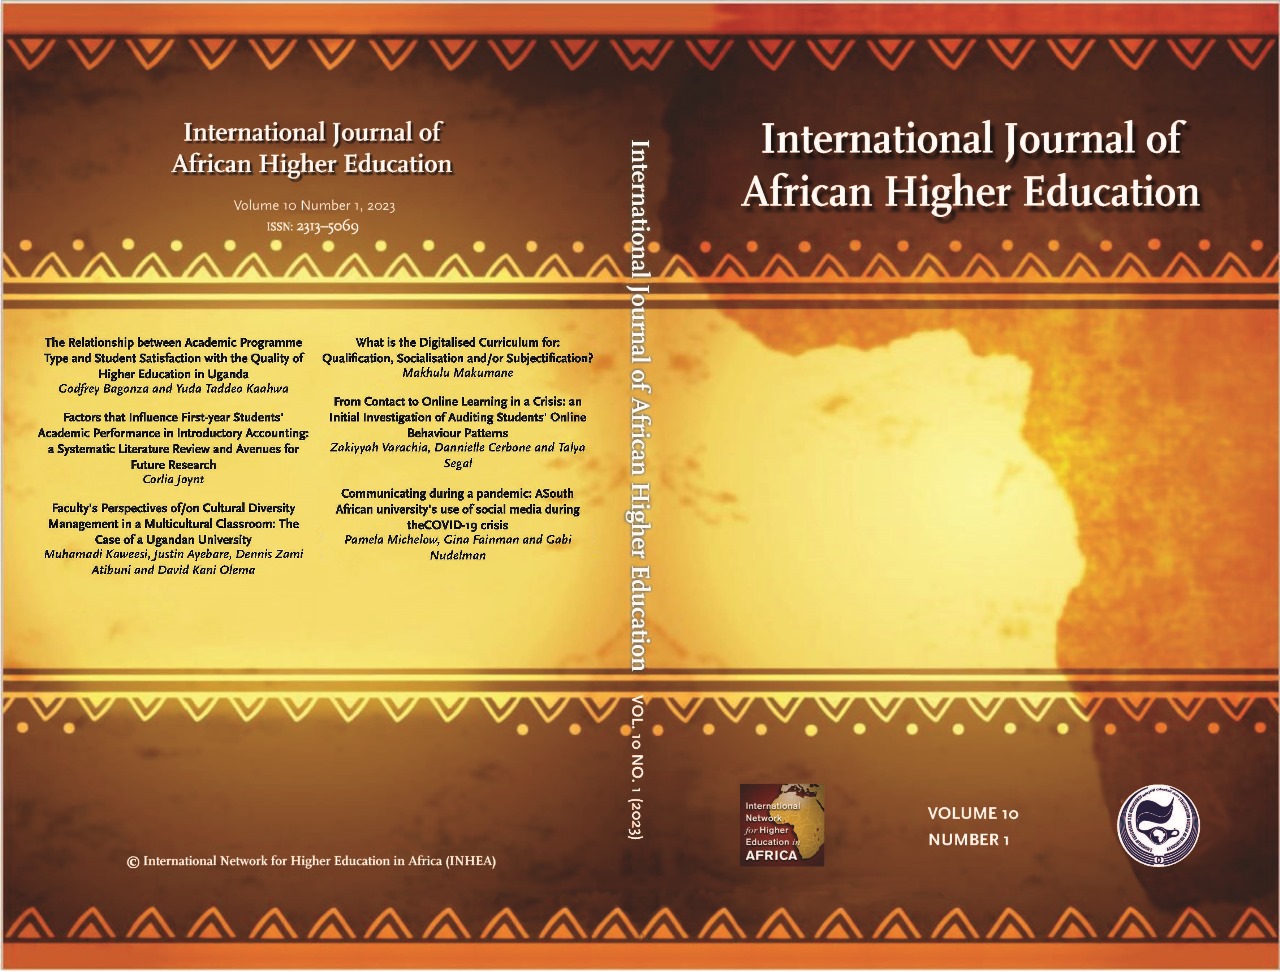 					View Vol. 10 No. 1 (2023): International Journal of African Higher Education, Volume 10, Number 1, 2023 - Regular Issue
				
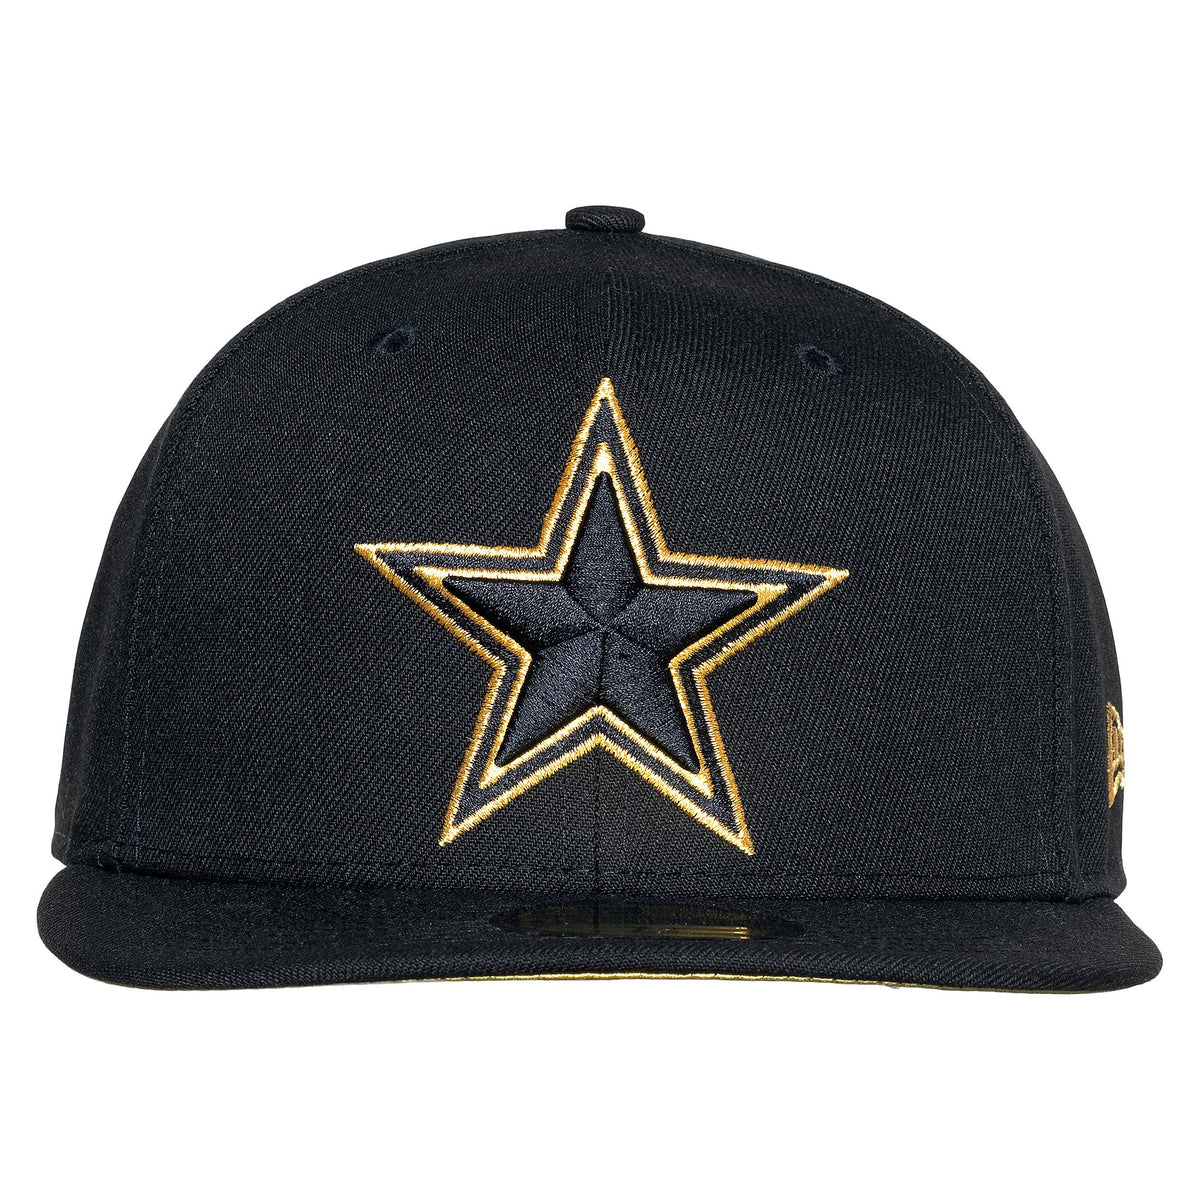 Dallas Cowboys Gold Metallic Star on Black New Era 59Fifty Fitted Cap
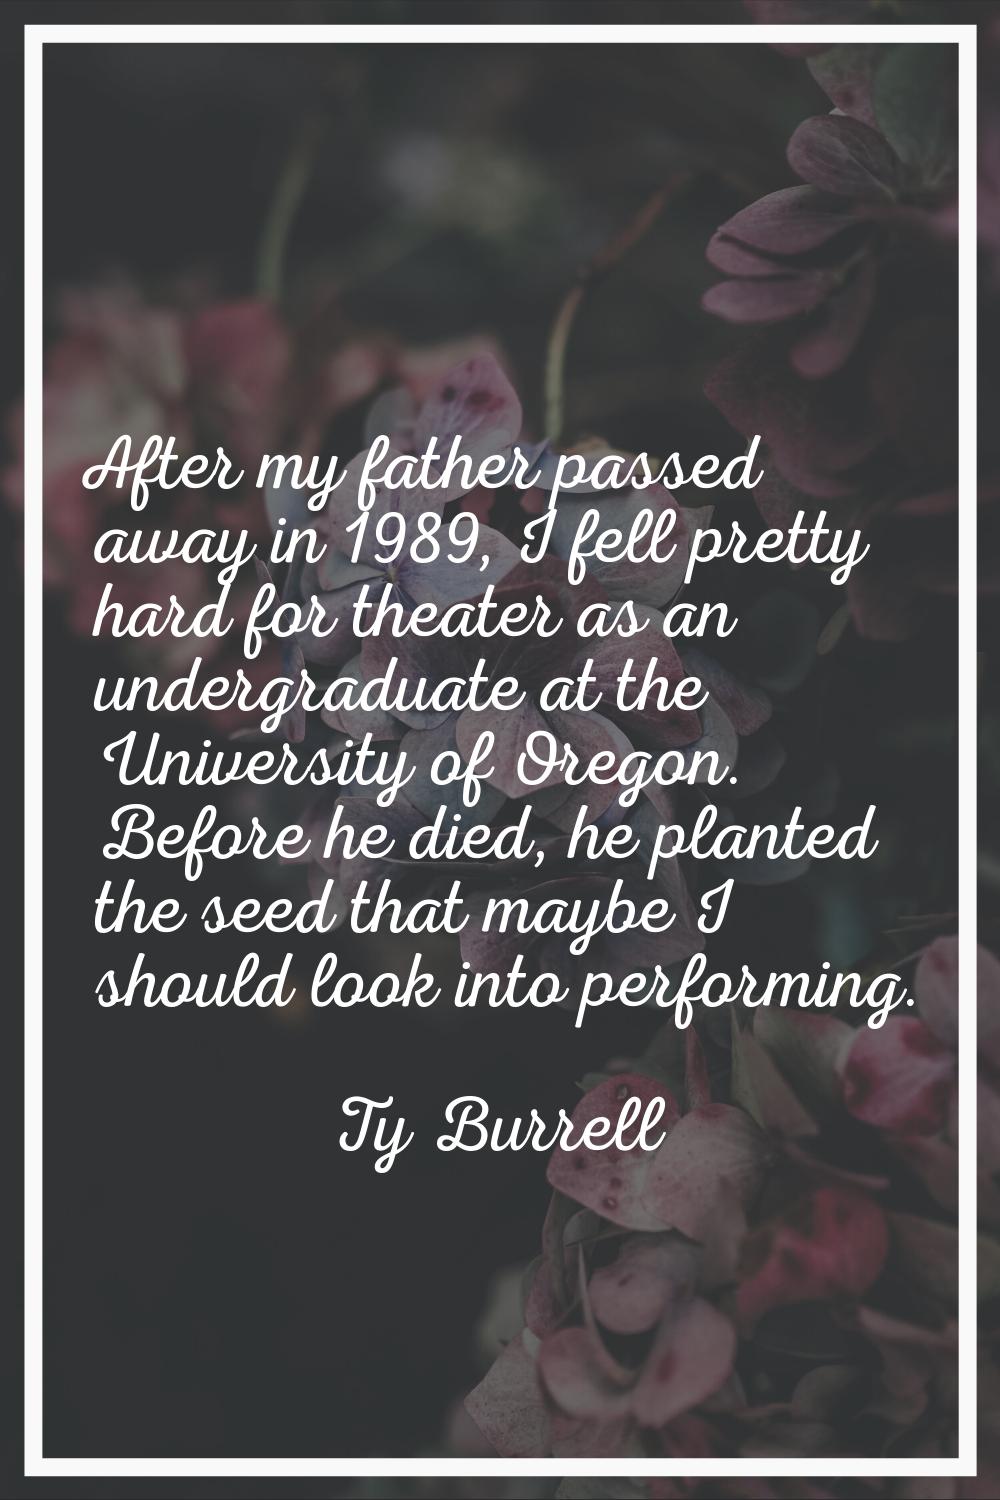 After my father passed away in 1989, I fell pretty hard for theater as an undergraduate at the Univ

*-*-*

Exercise prompt ▸ Your copy must start at the line that holds "Dallas Cowboys Gold" and end at the last line of the data, both included; it must contain no pictures.

Exercise response ▸
 Dallas Cowboys Gold Metallic Star on Black New Era 59Fifty Fitted Cap
 After my father passed away in 1989, I fell pretty hard for theater as an undergraduate at the Univ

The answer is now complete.